Eine zähe Pflanze auf dem Dach der Welt
Saussurea hypsipeta, eine der Pflanzen, die als Tibeter-Schneeglocke bekannt sind, wächst in etwa 4.000 bis 6.000 Metern Höhe, wo dünne Luft, niedrige Temperaturen und starke ultraviolette Strahlung ständige Herausforderungen darstellen. Die dichten, wolligen Haare der Pflanze schützen sie vor dieser rauen Umgebung, indem sie gegen Kälte isolieren und den Wasserverlust verringern. Sie spielt auch eine wichtige Rolle in den empfindlichen alpinen Ökosystemen und wird seit langem in der tibetischen Medizin bei Beschwerden wie Gelenkschmerzen und gynäkologischen Störungen eingesetzt. Dennoch waren trotz ihrer ökologischen und kulturellen Bedeutung bisher nur die kleinen Chloroplasten- und Mitochondriengenome entziffert; das deutlich größere Kerngenom, das die meisten Merkmale steuert, blieb eine Blackbox.

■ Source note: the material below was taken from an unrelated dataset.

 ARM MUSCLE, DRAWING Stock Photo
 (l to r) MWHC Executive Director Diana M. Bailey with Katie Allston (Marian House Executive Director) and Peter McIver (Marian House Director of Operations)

Ein riesiges, komplexes Genom lesen
Um diese Herausforderung anzugehen, sammelten die Forscher frische Blätter von wildwachsenden Pflanzen an einem felsigen Hang des Qilian-Gebirges und gewannen im Labor sehr reine DNA und RNA. Sie kombinierten mehrere hochentwickelte Sequenzierungsstrategien: kurze, sehr genaue DNA-Fragmente; lange, hochpräzise Leseabschnitte, die schwierige Regionen überbrücken; und Hi-C, eine Methode, die erfasst, wie DNA-Stücke im Zellkern nebeneinander liegen. Diese Mischung aus Technologien ermöglichte es ihnen nicht nur, die DNA-Buchstaben zu lesen, sondern sie auch zu langen, zusammenhängenden Abschnitten zusammenzusetzen und schließlich in vollständige Chromosomen zu ordnen — ähnlich wie Seiten und Kapitel zu einem vollständigen Buch zusammengefügt werden.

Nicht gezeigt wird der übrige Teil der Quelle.